Sobolev functions counterexample

Question

Let $A=(0,1)^{d}$.Does anyone have a simple example of a funtion in $H_0^1(A)\cap H^2(A)$ that is not in $H^2_0(A)$?

Thanks a lot.

Answer 1

As PhoemueX already said, you need a function, which has zero boundary values, but the derivative is non-zero at the boundary.

In particular, you can take $$ u(x) = \prod_{i=1}^d x_i \, (1-x_i). $$ Then, it is easy to see that $u(x) = 0$ for $x \in \partial[(0,1)^d]$, but $\nabla u(x) \ne 0$ for $x \in \partial[(0,1)^d]$. Since $u$ is smooth on $[0,1]^d$, it belongs to $H^2 \cap H_0^1$, but not to $H_0^2$.

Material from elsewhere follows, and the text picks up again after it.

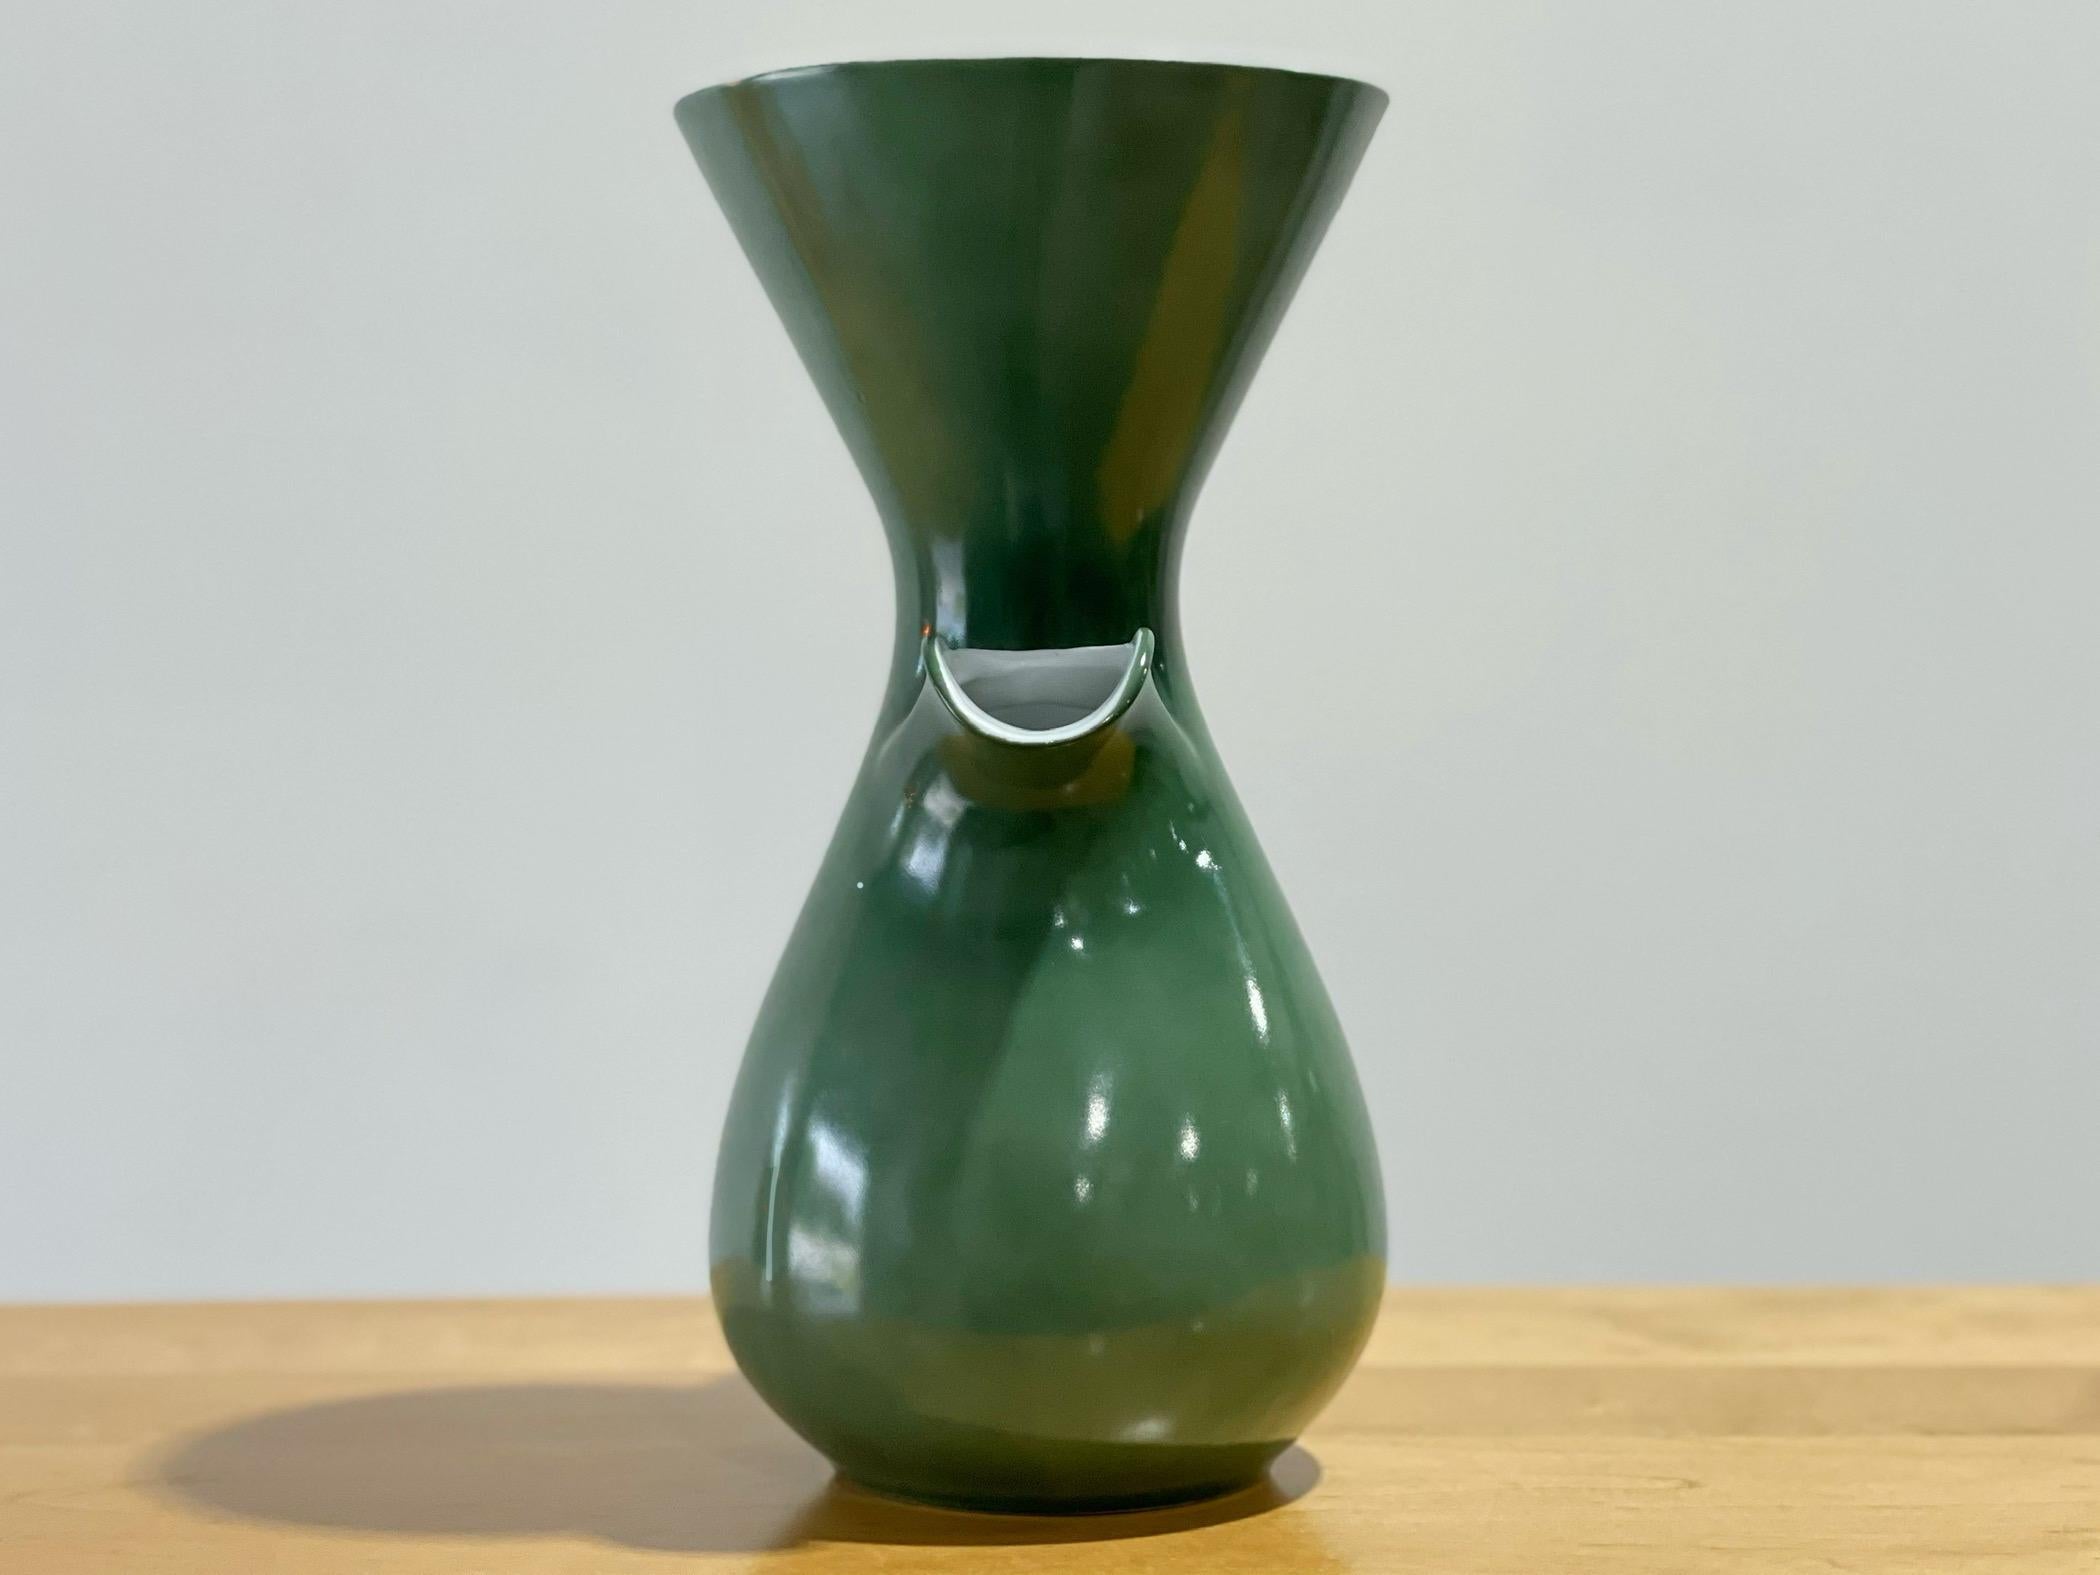 Ceramic Kenji Fujita for Freeman Lederman - Coffee Carafe, Creamer, Sugar Dish

Edit: Let me briefly describe that the above properties imply that $u$ does not belong to $H_0^2((0,1)^d)$, albeit $\Omega := (0,1)^d$ has only a Lipschitz boundary.

To the contrary, assume that $u \in H_0^2(\Omega)$. By definition, there exists a sequence $u_n \in C_c^\infty(\Omega)$, such that $u_n \to u$ in $H^2(\Omega)$. The trace operator $T$ maps $H^1(\Omega)$ continuously into $L^2(\partial\Omega)$. Hence, $0 = T(\nabla u_n) \to T(\nabla u)$ in $L^2(\partial\Omega)$. This is a contradiction to $\nabla u \ne 0$ on $\partial\Omega$.